I use RStudio projects so everything important to a project is in the same folder and the working directory is automatically correct. I create a new RMarkdown document rmarkdown doc

Earlier workflows

It was always possible to intersperse code and text in R, previously people used the Sweave package to combine code and text. You had to write the text in Latex and markup the code. Latex prints very pretty, but in raw form it is horrible to read, as you can see in the example:

\documentclass[12pt]{article}
\usepackage{lingmacros}
\usepackage{tree-dvips}
\begin{document}

\section*{Notes for My Paper}

Don't forget to include examples of topicalization.
They look like this:

{\small
\enumsentence{Topicalization from sentential subject:\\ 
\shortex{7}{a John$_i$ [a & kltukl & [el & 
  {\bf l-}oltoir & er & ngii$_i$ & a Mary]]}
{ & {\bf R-}clear & {\sc comp} & 
  {\bf IR}.{\sc 3s}-love   & P & him & }
{John, (it's) clear that Mary loves (him).}}
}

I copied this from a example page.^[http://mally.stanford.edu/~sr/computing/latex-example.html]
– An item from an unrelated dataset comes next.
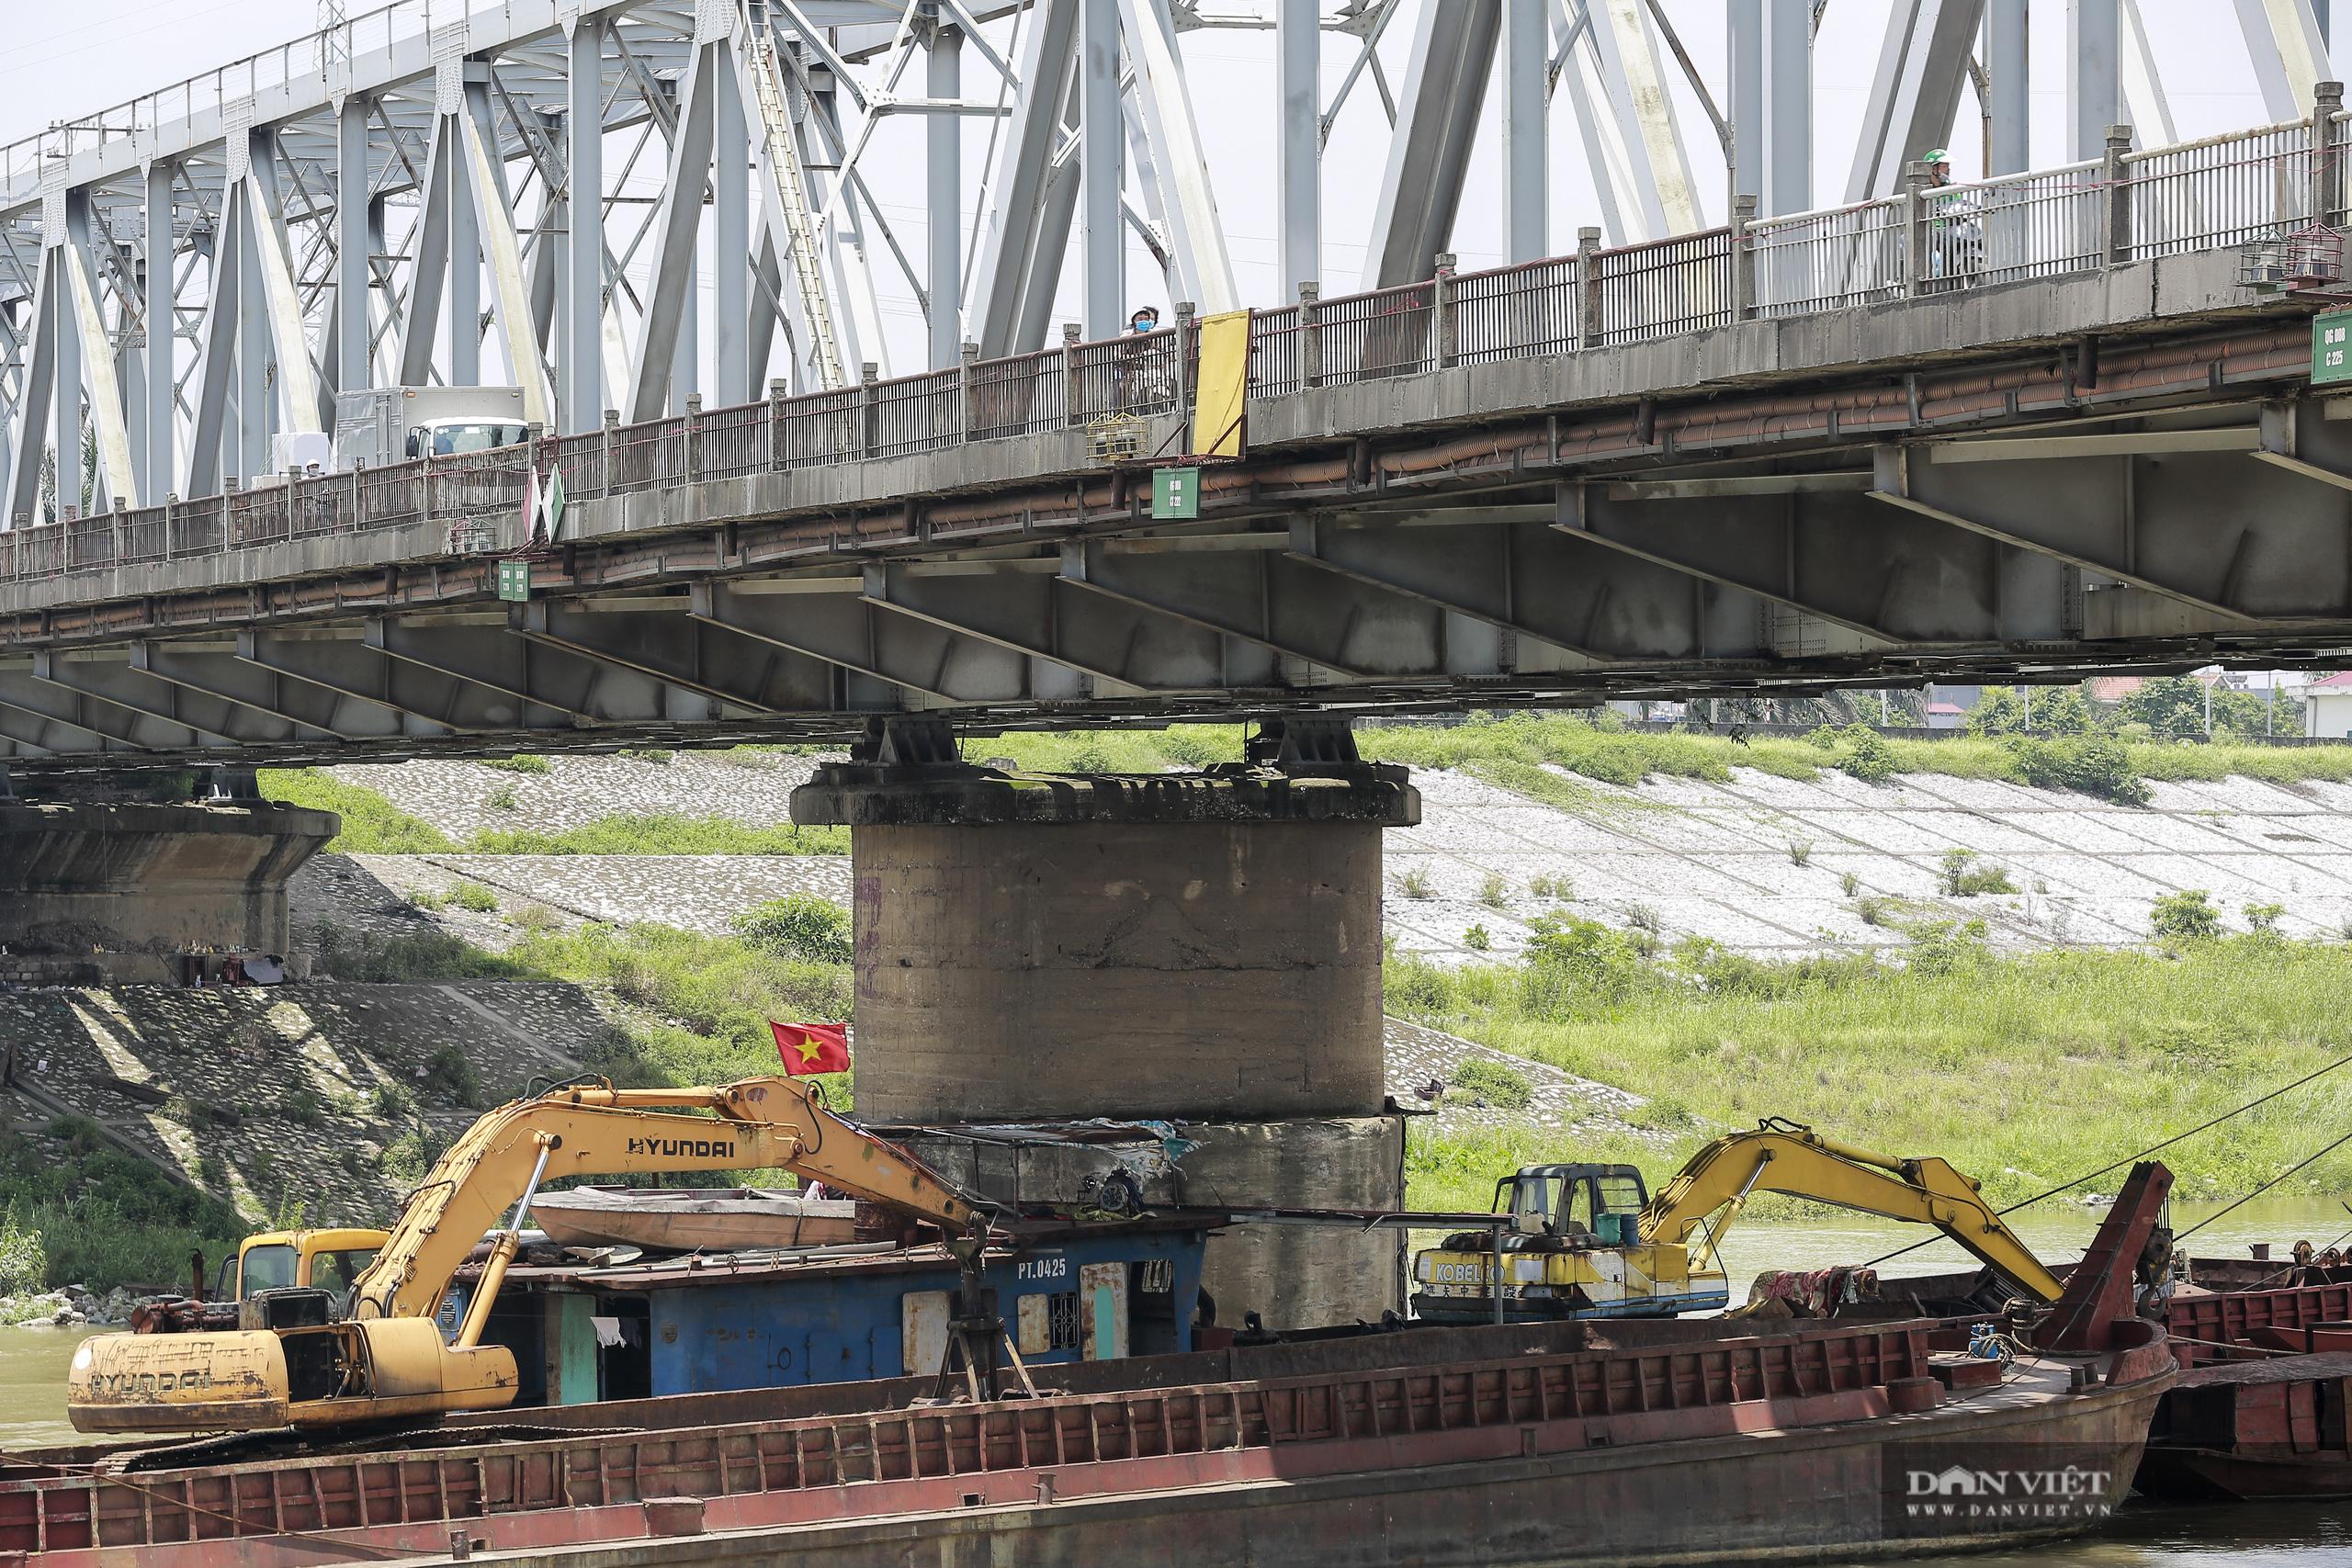 Cầu Đuống sửa chữa, tàu thuyền được phép di chuyển vào giờ nào? - Ảnh 2.

The output looks beautiful, but it’s damn near unworkable in plain text. And even worse, mistakes are easily made and very hard to find (since you don’t know where the trouble started, and the error messages are quite cryptic).
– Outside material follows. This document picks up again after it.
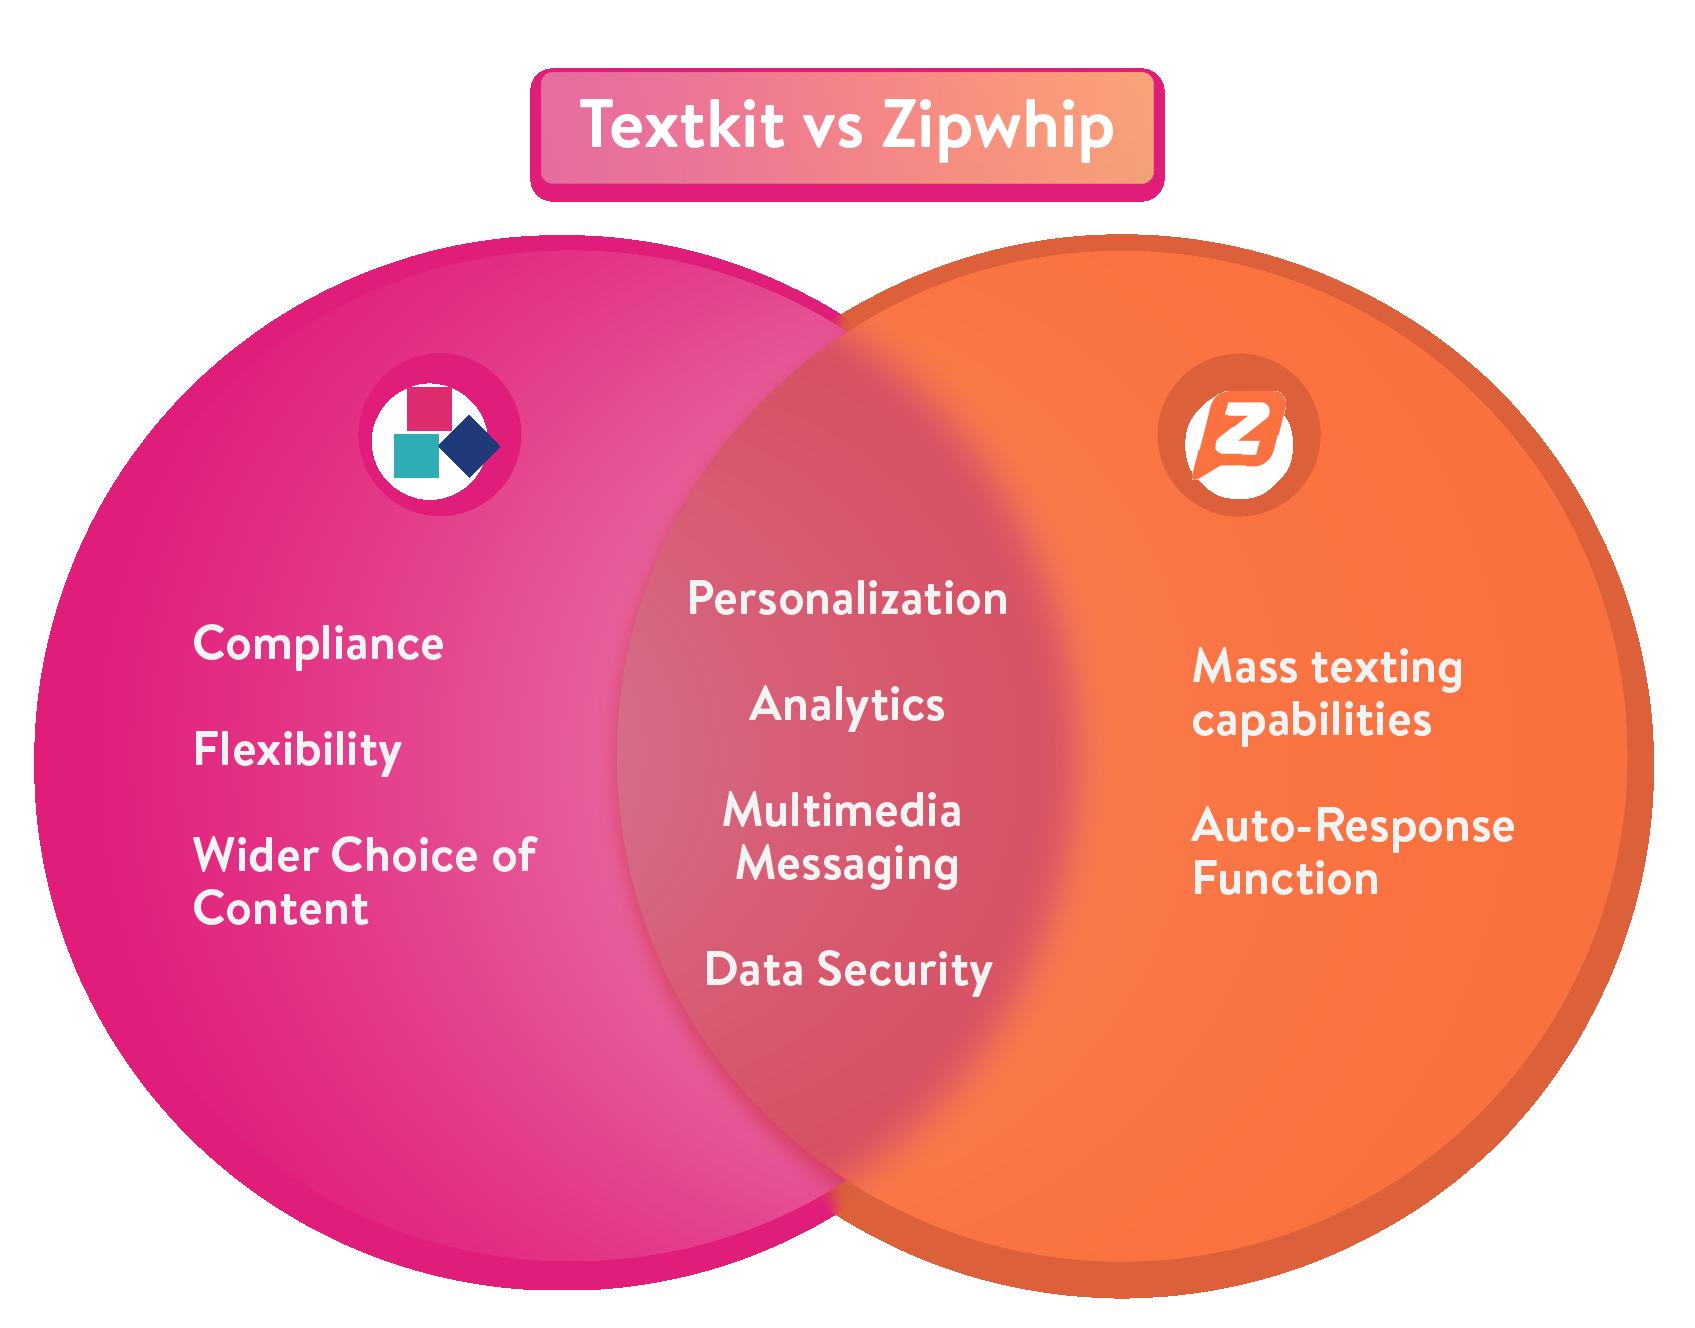 TextKit vs Zipwhip

From latex / Sweave to RMarkdown

Markdown is a very simple markup language that is readable for humans and can be translated into html / latex / word / etc by computers. In stead of \section{name fo the section} we can just use a pound symbol (a.k.a. hashtag: #) to mark a heading. One pound for a heading 1, 2 for heading 2 etc. The difference between markdown and RMarkdown is R-code in the text. There are plenty good tutorials out there so I will only give you one^[http://rmarkdown.rstudio.com/lesson-1.html] and a search online will give you more.

Citations

Citations connect your paper to the past, linking your research to earlier research. It is essential that people can find the correct paper or book you are referring to. For that reason (and vanity I think) there are many styles of citations. I’ve used the APA and Chicago style in the past and there are probably about 500. Every single one has different rules; cite inline by author name and year, or by number, etc.
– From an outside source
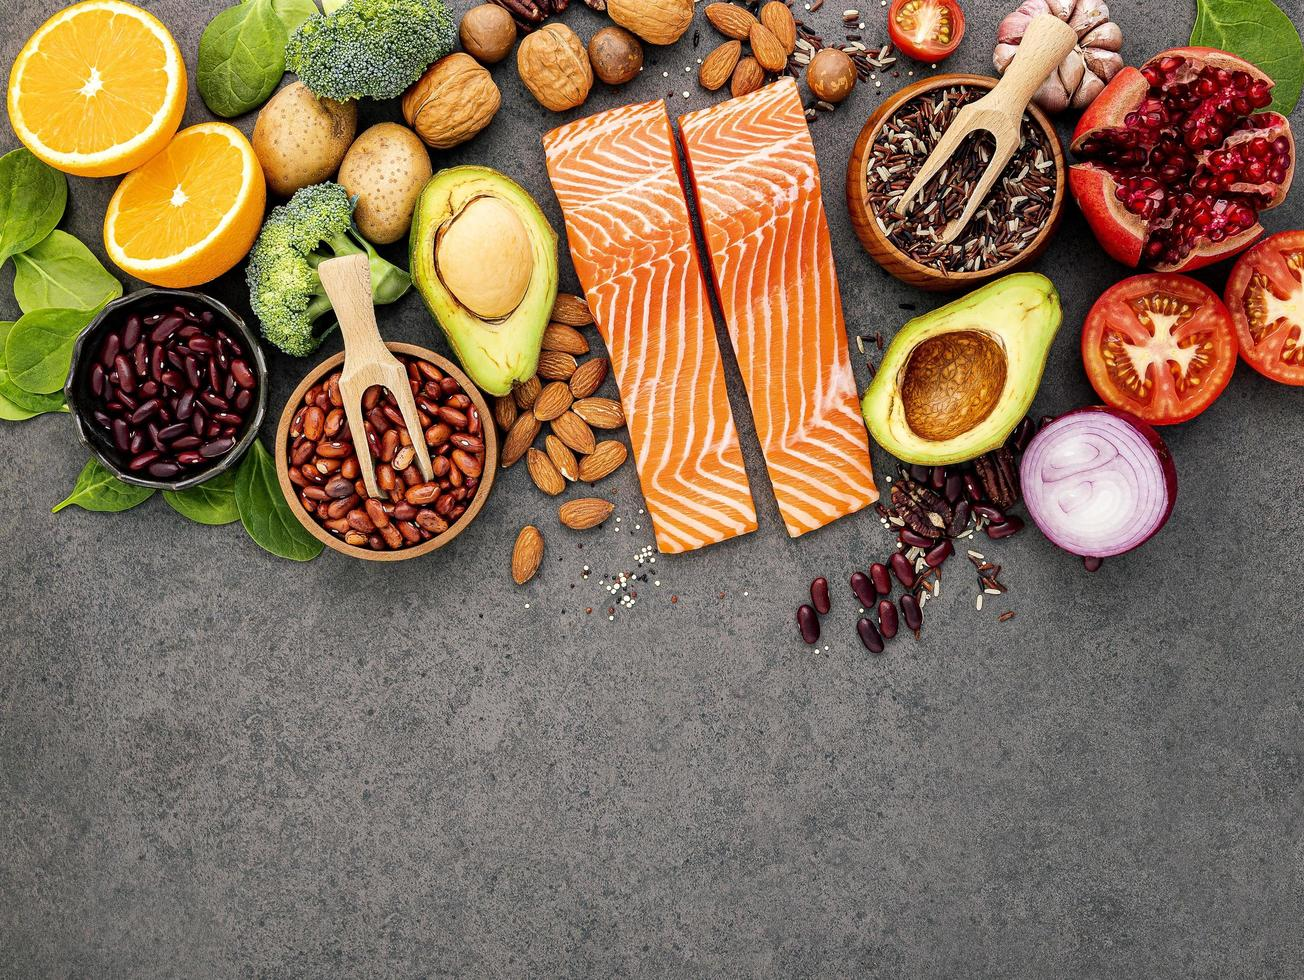 variedade de comida saudável foto

If you resubmit your paper to a journal with a different citation style you have to rewrite every citation in the manuscript. Because we have better things to do, there are reference managers that automatically use the correct styling. And that change all the references in the text. I have used this in Word and LibreOffice in the past. But changing styles works a bit different in plain text formats such as markdown and latex. In general you cite research by a key that refers to a bibliography. In the build process the keys are replaced with the citations in the style that you want, so that the endproduct has the correct citations. This is also implemented in Latex and RStudio. In general the workflow is as follows:

  1. add the citations in the correct ‘language’ (bibtex) to your document or to a different document and provide a link to.
  2. Use keys that refer to the correct entry in the bibtex.
  3. The citation manager inserts the correctly styled reference in the correct location while it writes the final version.

You write and cite like this:

“The ggplot2 package is used to plot images in layers [@wickham_ggplot2_2009].”

The key (a at-sign and name) refers to a bibtex entry. For example:

@book{wickham_ggplot2_2009,
  address = {New York, NY},
  title = {Ggplot2},
  isbn = {978-0-387-98140-6 978-0-387-98141-3},
  language = {en},
  timestamp = {2017-02-19T10:19:27Z},
  urldate = {2015-11-09},
  url = {http://ggplot2.org},
  publisher = ,
  author = {Wickham, Hadley},
  year = {2009},
  note = {04749},
  file = {ggplot2 - hadley wickham.pdf:C\:\\Users\\roel\\AppData\\Roaming\\Zotero\\Zotero\\Profiles\\aw40nx7l.default\\zotero\\storage\\AADU9XVP\\ggplot2 - hadley wickham.pdf:application/pdf}
}

Which will resolve to (if you use APA formatting):

The ggplot2 package is used to plot images in layers (Wickham, 2009).

Bibtex files creation

Now, making your own bibtex files is a serious pain in the backside. So we don’t do that. We also don’t try to remember all the keys, but first about the creation of the bibtex file.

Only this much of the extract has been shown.